Chronology Current Month Current Thread Current Date
[Year List] [Month List (current year)] [Date Index] [Thread Index] [Thread Prev] [Thread Next] [Date Prev] [Date Next]

[Phys-L] Data Science for Physicists - Is there a dataset all students should see?



Lots of lip service is given to the term "Big Data" these days.
Increasingly many fields of physics find themselves with huge sets of
data. Undergraduate students are not typically exposed to analysis of such
data sets unless they get involved in a research internship. And even
then, in classic physicist style, students learn only enough about data
management to get the job done. The data they analyze is very specific to
one physics field and to a particular research project.

*Is there one data set that every physics student should see?* Some
complex set of data that requires searching, classifying, and summarizing
data with more advanced statistical tools. It would need to be in a field
that is generally accessible to undergraduates.
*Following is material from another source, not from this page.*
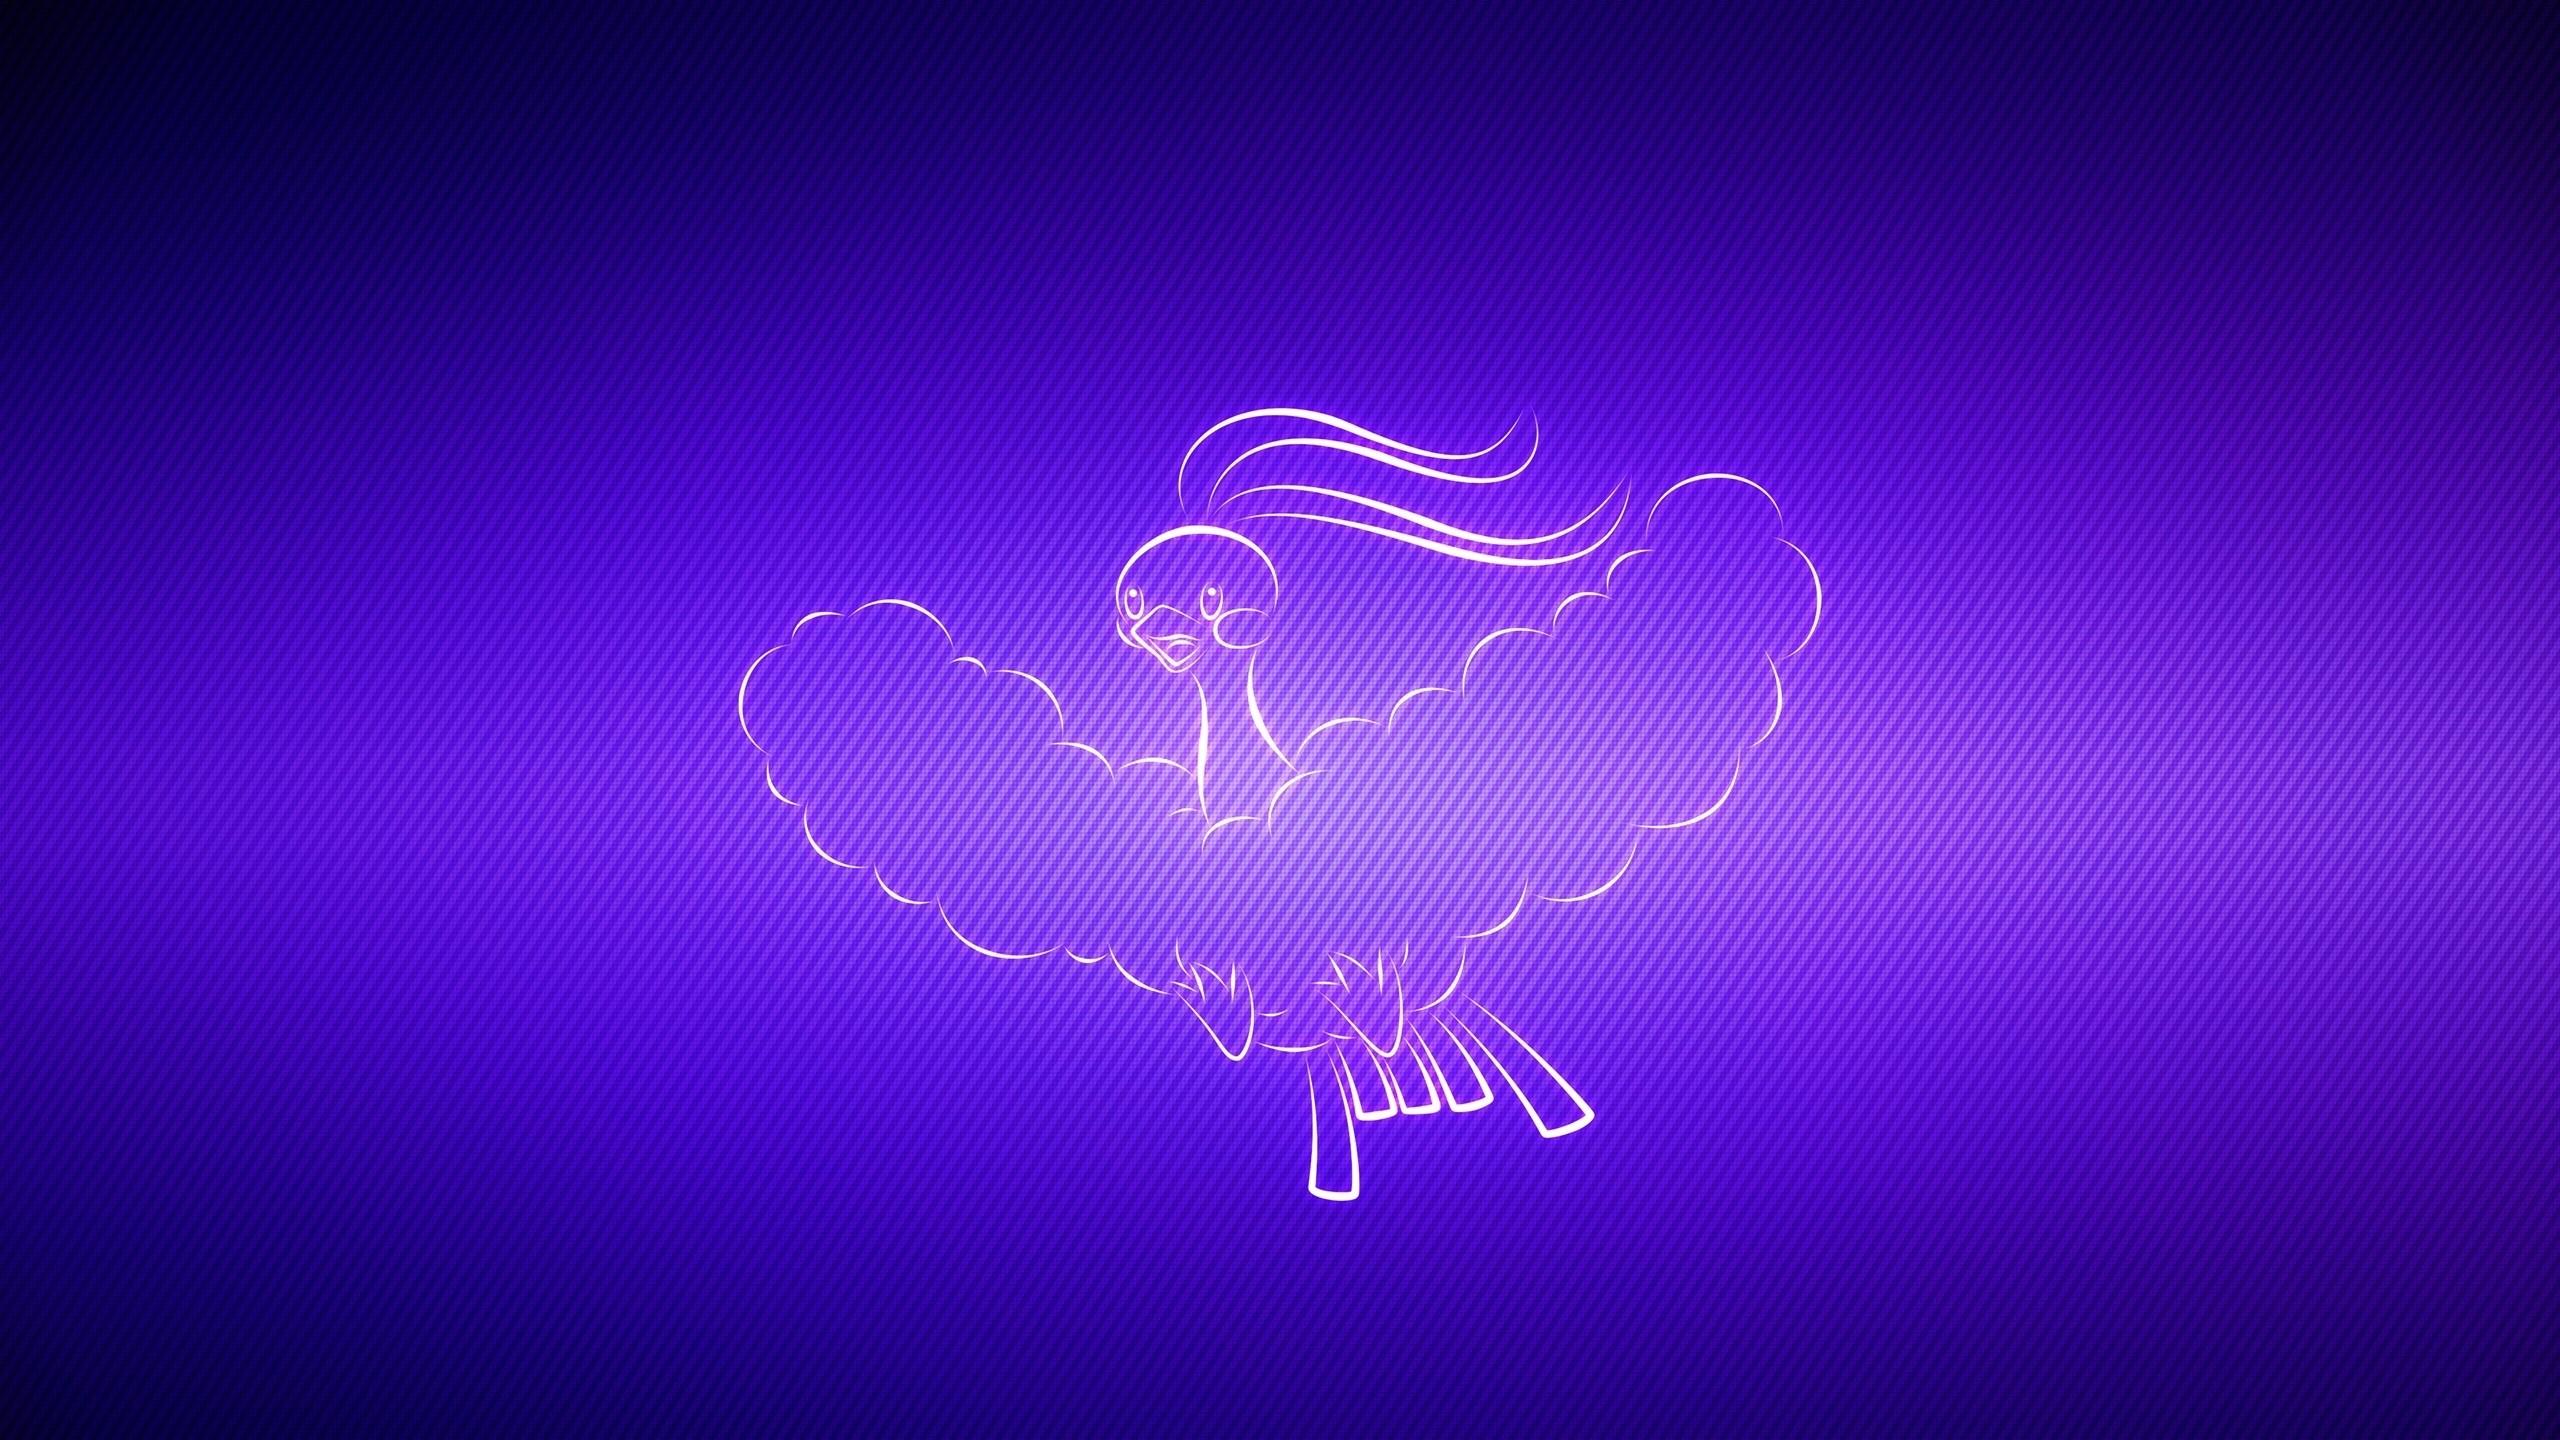 Wallpaper altaria, flight, pokemon, background
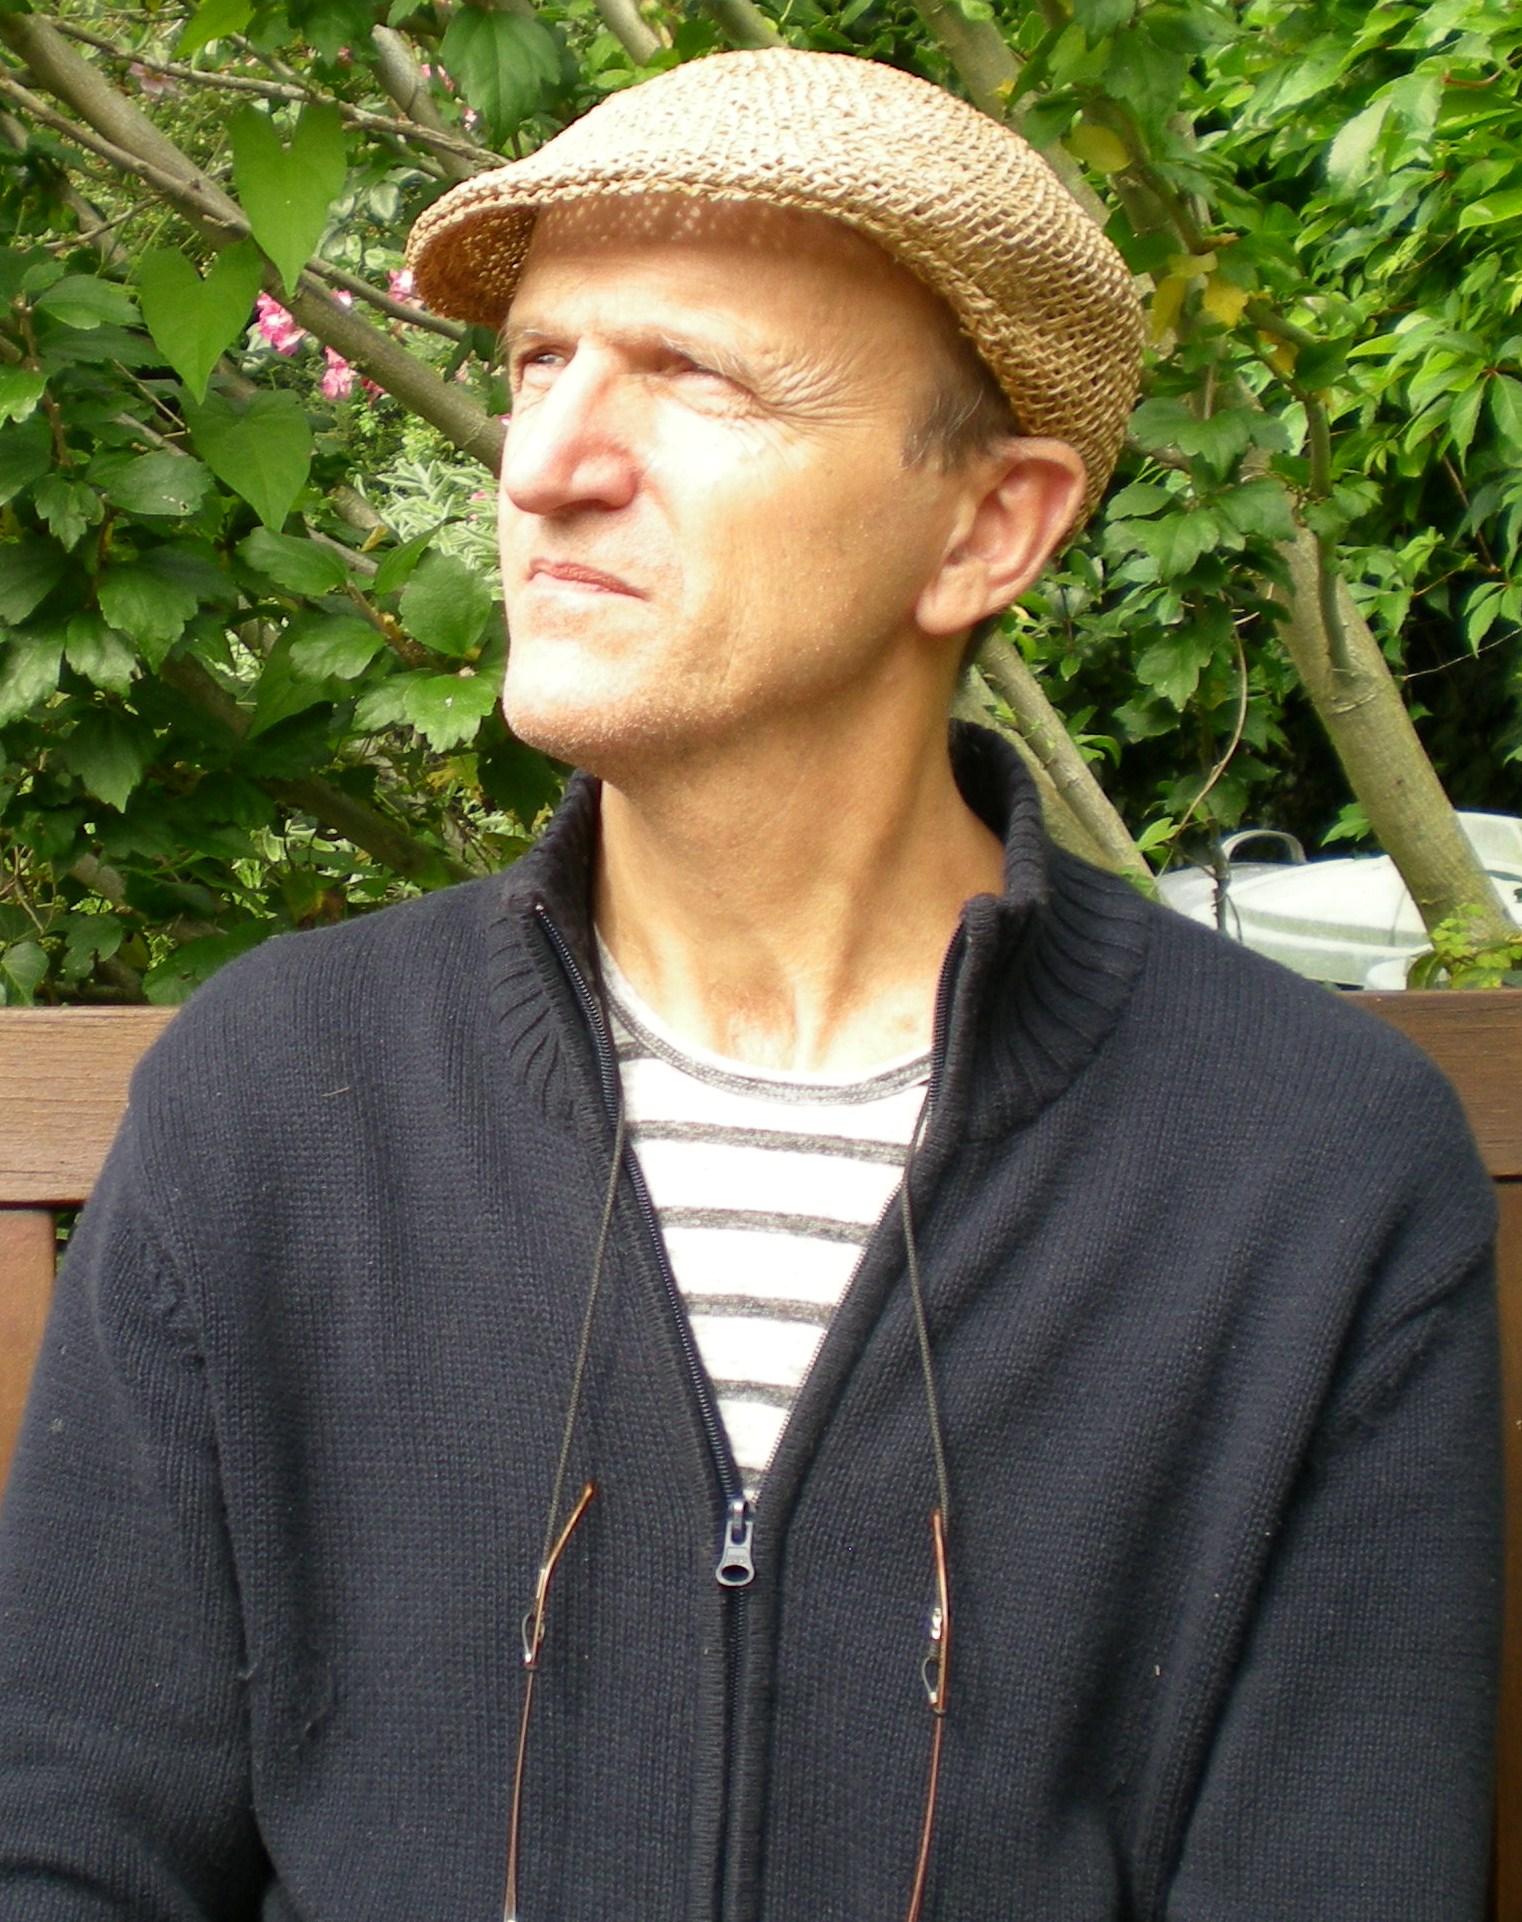 Pirandello traductologue

That suggests that we might look to a kinematics domain. But I could
imagine a couple of sets depending on the subfield of the instructor.
Astronomy might have one dataset while an undergraduate program that
emphasises materials science would use another. The fundamental
pedagogical goals of teaching this analysis should be clear from the
results. In whatever field students go into, they would feel prepared to
grapple with a large data set.


FOOTNOTE: What Is Big Data?
As a simple definition of "Big Data" I'm going to say that it is any data
set that will not fit into an Excel Spreadsheet. Excel allows 1M rows and
16k columns. (That's cell XFD1048576 if you were curious.) But I think we
are all aware that Excel breaks long before you fill up all of those
possible locations. It may fail to load without lots of RAM. And
recalculating anything complex in a large data set using Excel can be
painfully slow. One is never quite sure if the computer is hung or if
Excel will finish in 5 minutes or 5 hours. If your data set has between a
few thousand and a million data values we'll call that "Big Data."
Functionally it means that one will need to use a tool other than Excel to
analyze it.

This definition is rather small still in the modern data-driven world. An
itemized list of sales at your local supermarket for a month would likely
exceed this size. Receipts from the major online retailers will include
orders of magnitude more transactions. Astronomy surveys, daily weather
recordings, particle physics experiments, and many more scientific studies
are creating enormous data sets. Even a simple sensor in the lab is
capable of generating thousands of data values per second. Fortunately,
most physics lab experiments last less than 2 seconds.
=====

I'm working with the AAPT committee on labs to suggest that the
recommendations on curriculum include some data science concepts. I
haven't yet convinced my colleagues to add this, but this idea is my little
part of the discussion.
Intro level: Make an organized table in Excel.
Advanced level: ...?
I'd like to write, "Understand 3rd Normal Form," but that doesn't mean
anything to physicists. Nor does it motivate the need.

Happy to hear your thoughts. Or, critique anything I've said.

Paul